Starting from a correctly formatted config.ini and climate time series file, this example shows how to read in the data and produce a series of plots of input data as it is found in the input data file (unlike QaQc.plot which produces plots at daily and monthly temporal frequency).
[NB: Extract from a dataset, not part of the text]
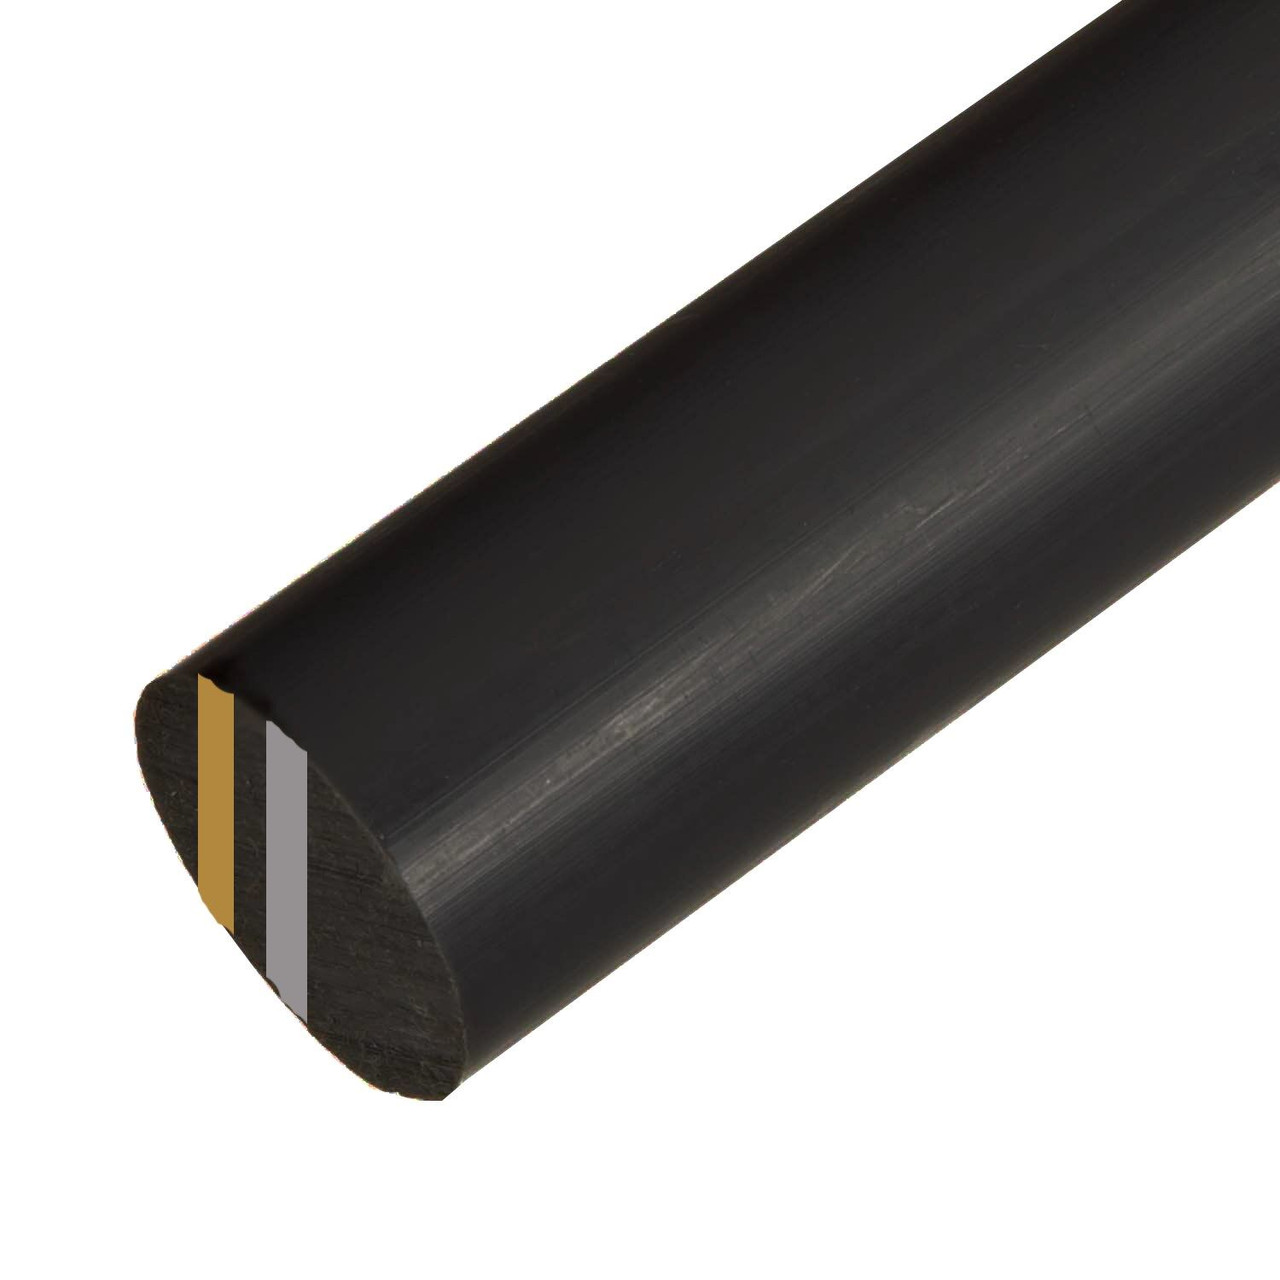 PPSU Radel MG Round Rod, Diameter: 3.000 (3 inch) x 11 inches long, Black

This example also shows how to display a title at the top of plot with the site’s location and site ID.

>>> from fluxdataqaqc import Data
>>> d = Data('path/to/config.ini')
>>> # create plot title from site ID and location in N. America
>>> title = "<b>Site:</b> {}; <b>Lat:</b> {}N; <b>Long:</b> {}W".format(
>>>     q.site_id, q.latitude, q.longitude
>>> )
>>> q.plot(
>>>     ncols=2, output_type='show', plot_width=500, suptitle=title
>>> )

Note, we specified the width of plots to be smaller than default because we want both columns of subplots to be viewable on the screen.

Tip

To reset all subplots at once, refresh the page with your web browser.

Note

Additional keyword arguments that are recognized by bokeh.layouts.gridplot are also accepted by Data.plot.

QaQc

class fluxdataqaqc.QaQc(data=None, drop_gaps=True, daily_frac=1.0, max_interp_hours=2, max_interp_hours_night=4)[source]

Bases: Plot, Convert

Numerical routines for correcting daily energy balance closure for eddy covariance data and other data analysis tools.

Two routines are provided for improving energy balance closure by adjusting turbulent fluxes, latent energy and sensible heat, the Energy Balance Ratio method (modified from FLUXNET) and the Bowen Ratio method.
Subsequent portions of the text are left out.